(Provided entries)
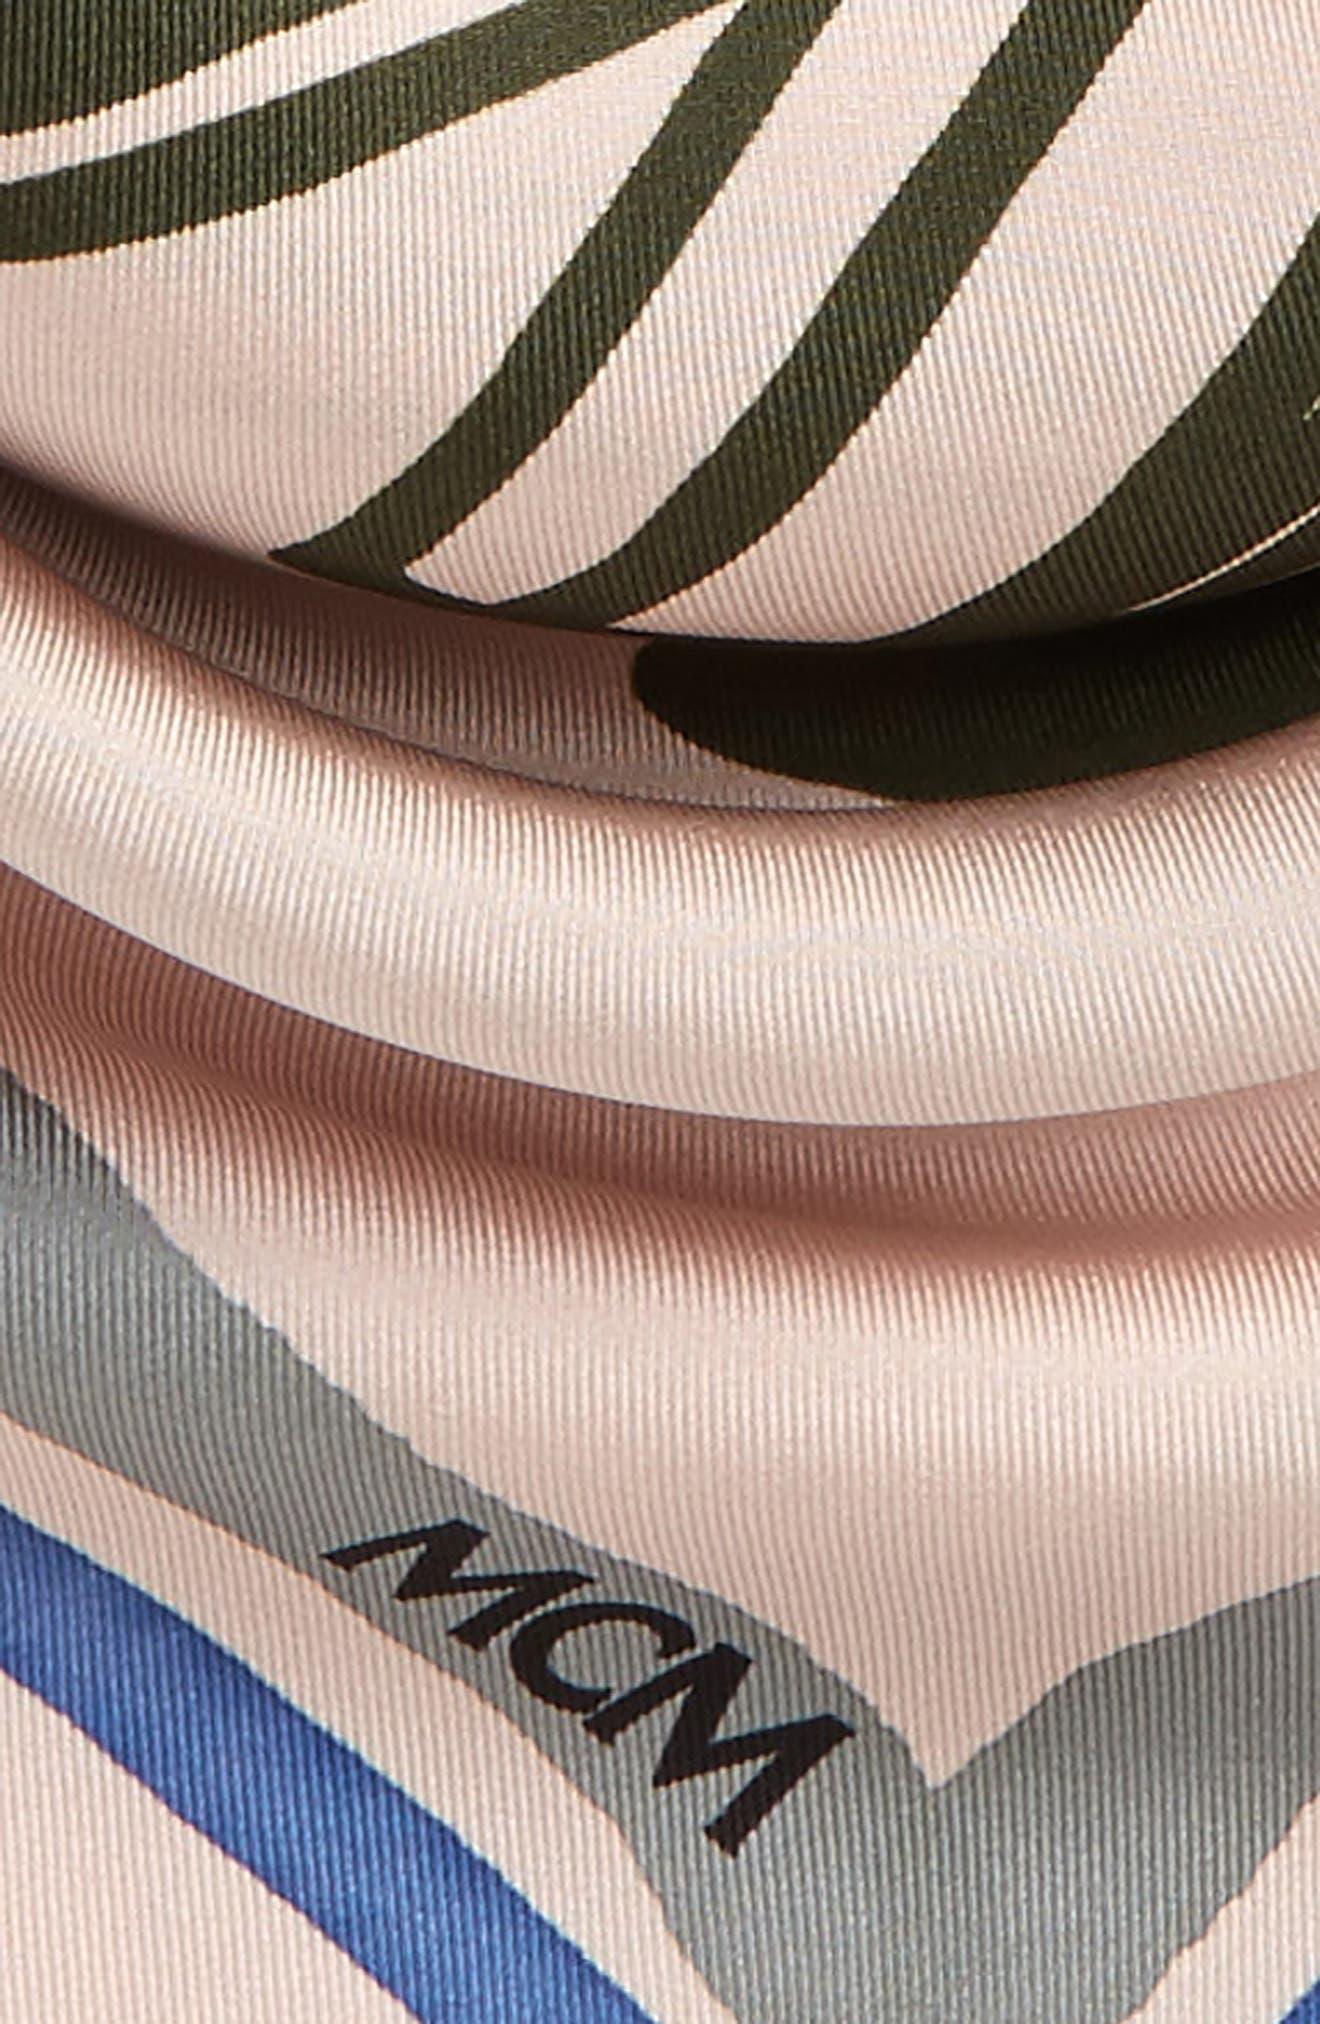 Handbag Print Square Silk Scarf,                             Alternate thumbnail 3, color,                             650
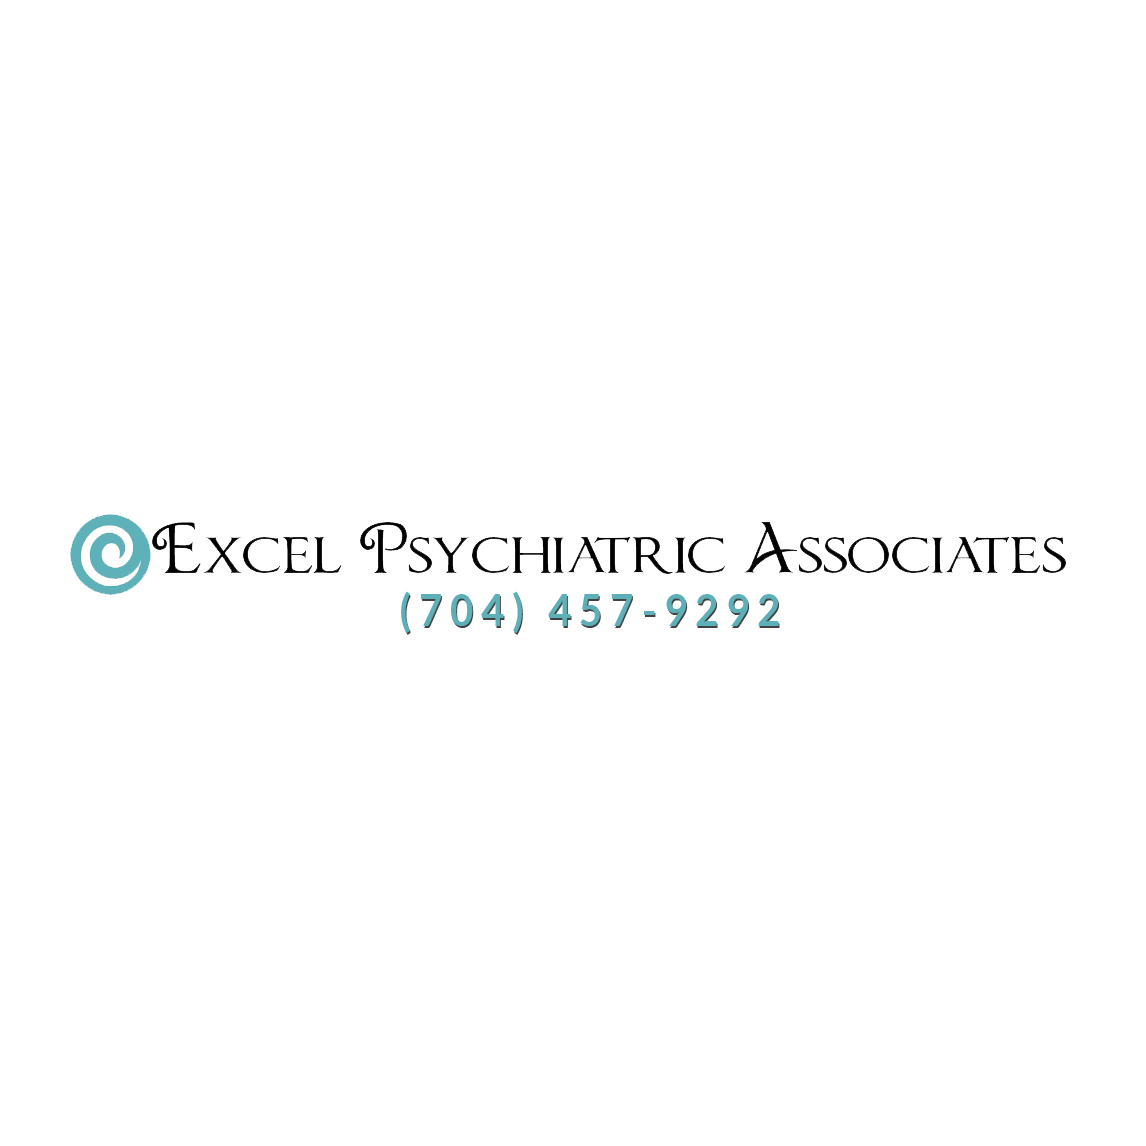 Excel Psychiatric Associates, P.A.
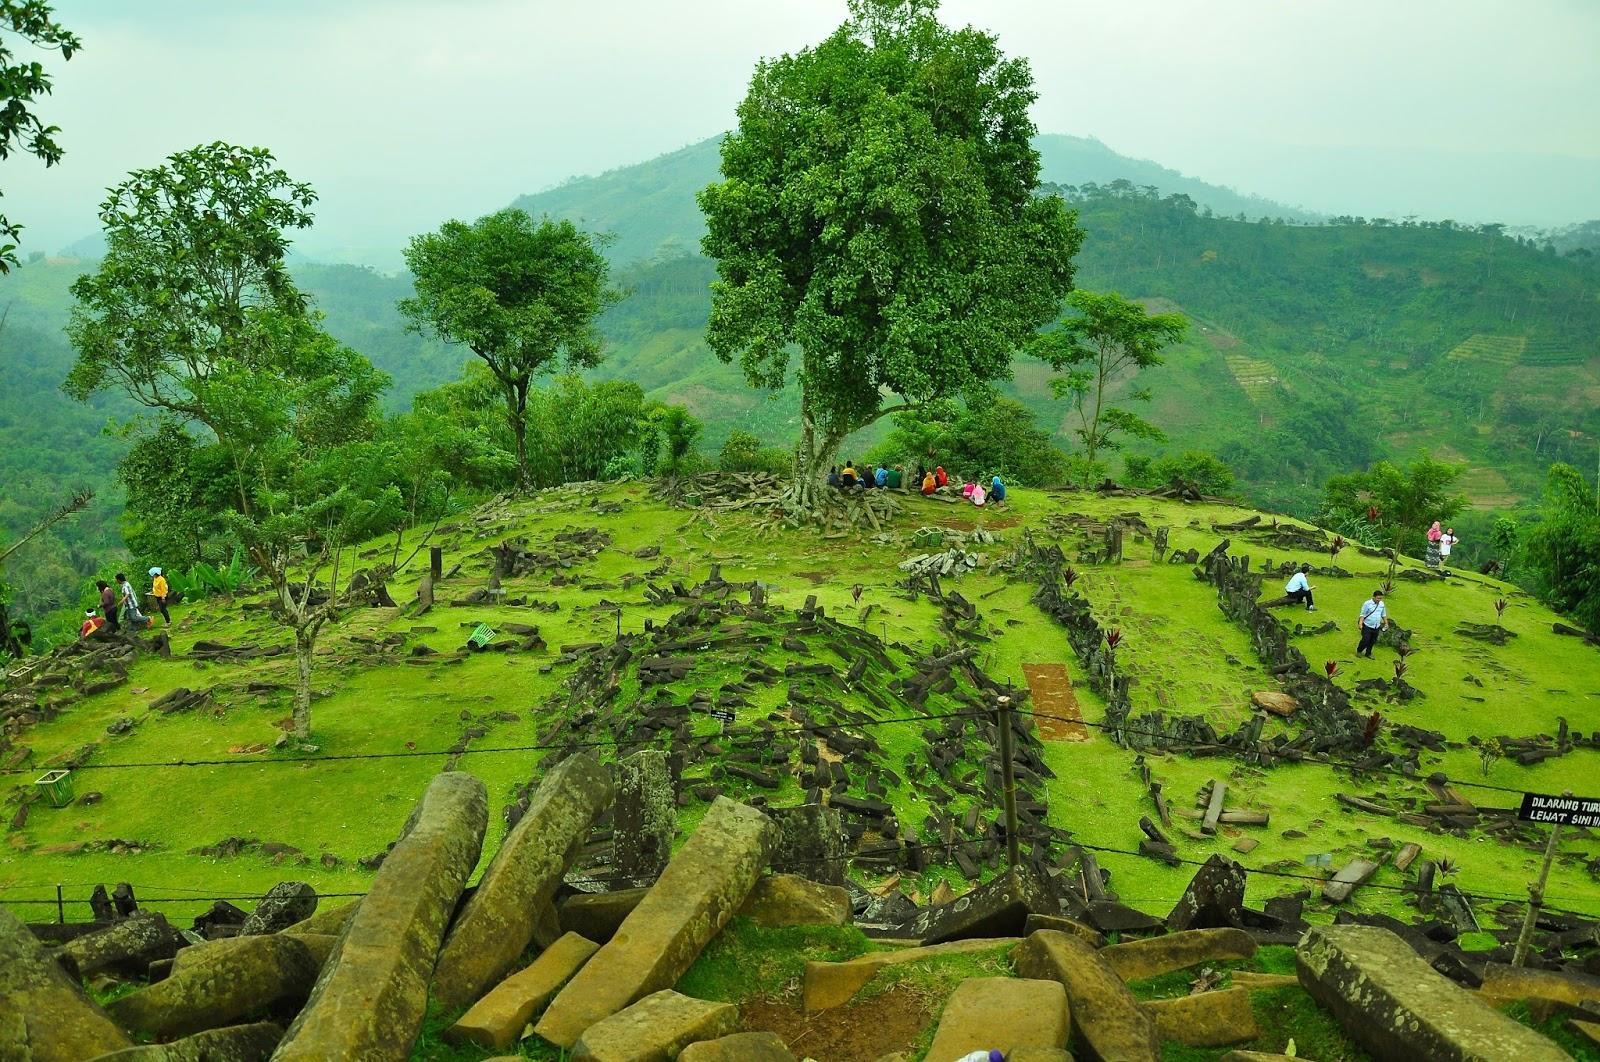 Gunung Padang Megalithic Site, Cianjur, Indonesia
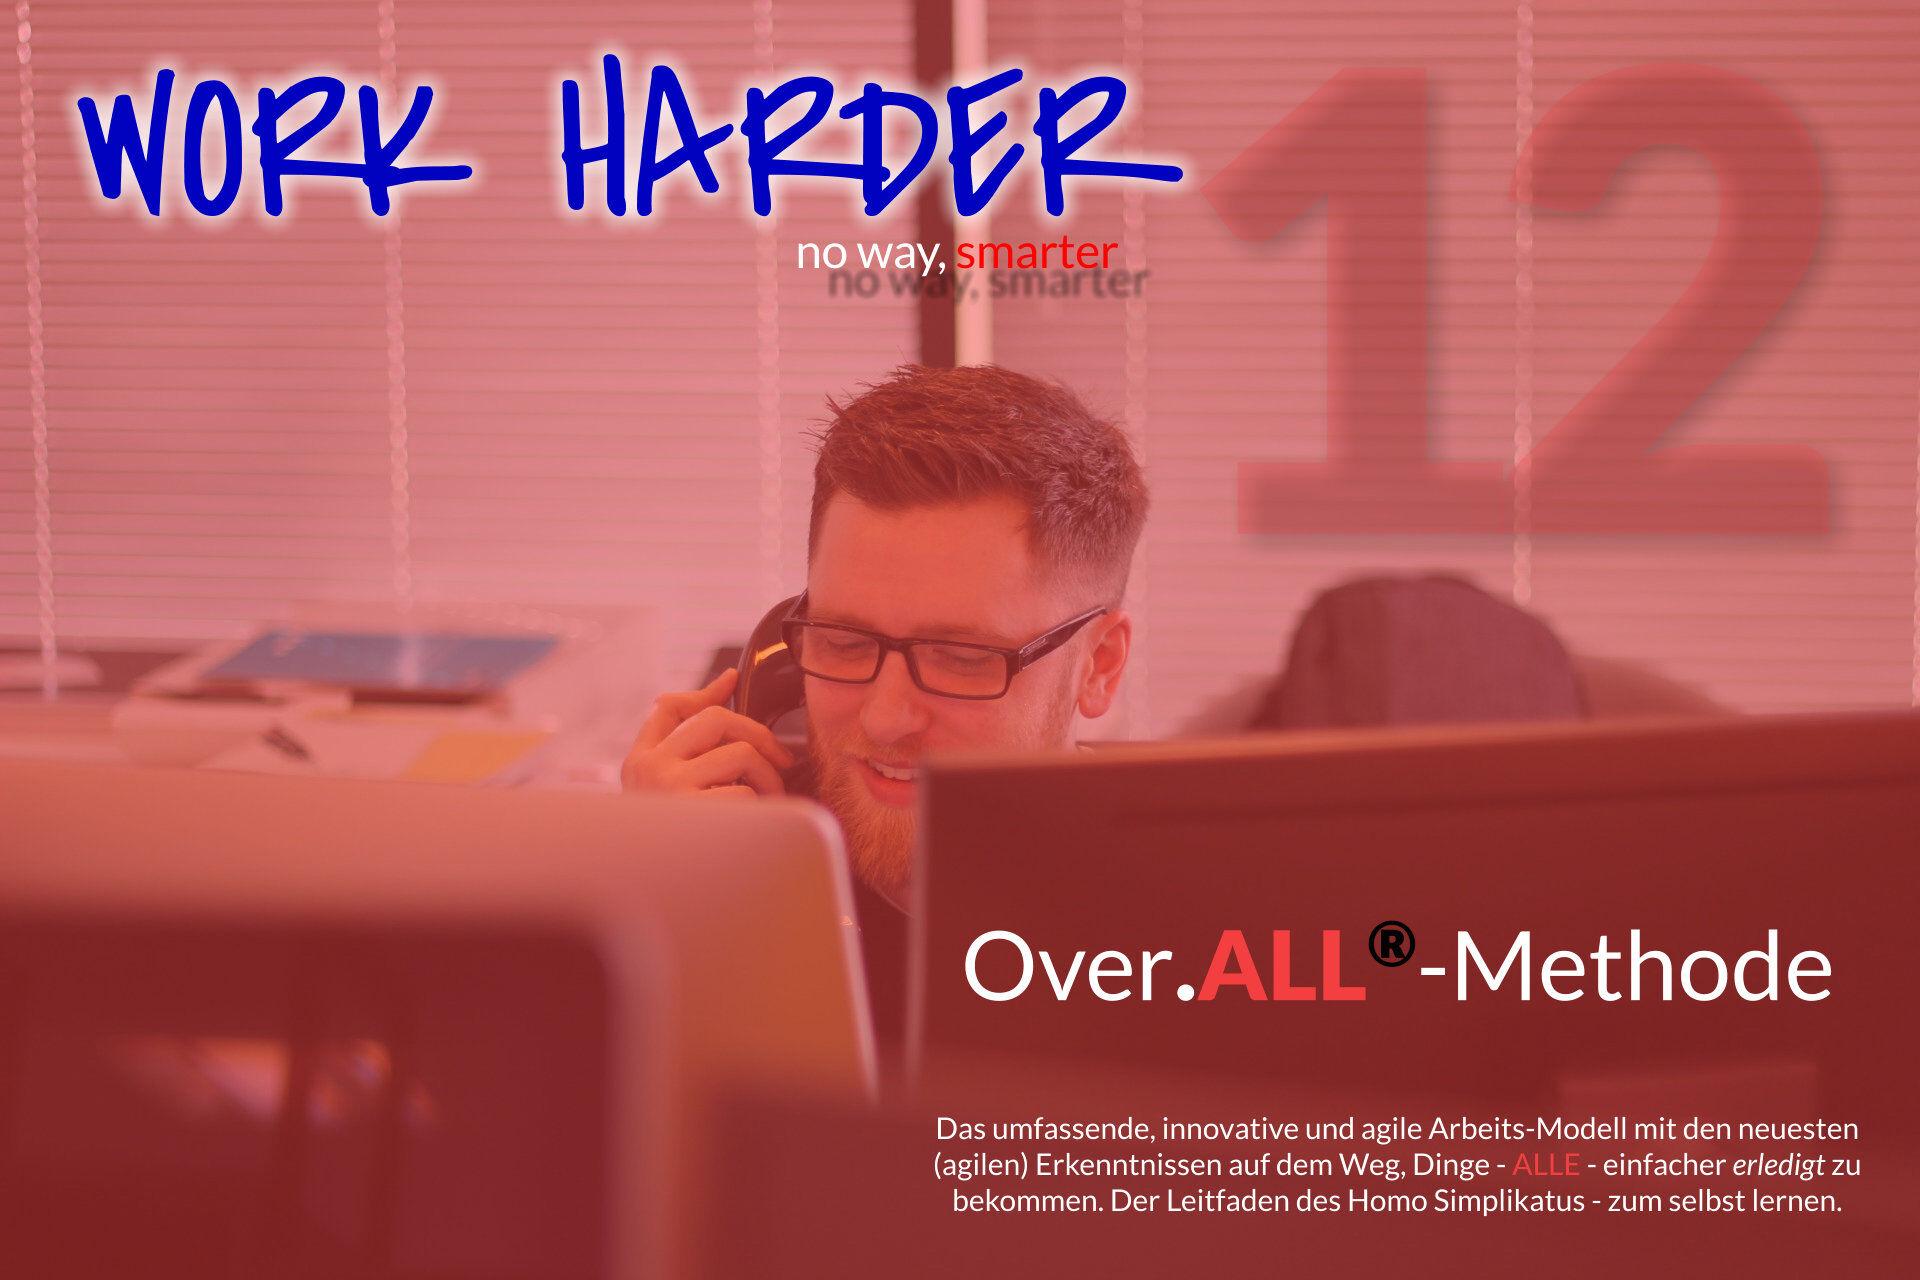 Work Harder Titel Series Over.ALL-Methode Blog Series Titel 12
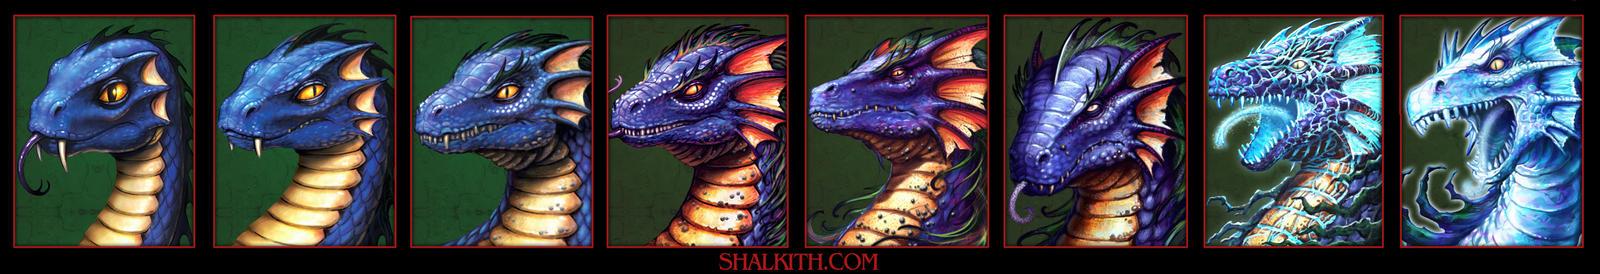 Blue Dragon Age Progression by VegasMike
(End Provided entries)
Try it: Each record, word for word, should be printed again without its pictures.

Solution for this problem:
 Handbag Print Square Silk Scarf,                             Alternate thumbnail 3, color,                             650
 Excel Psychiatric Associates, P.A.
 Gunung Padang Megalithic Site, Cianjur, Indonesia
 Work Harder Titel Series Over.ALL-Methode Blog Series Titel 12
 Blue Dragon Age Progression by VegasMike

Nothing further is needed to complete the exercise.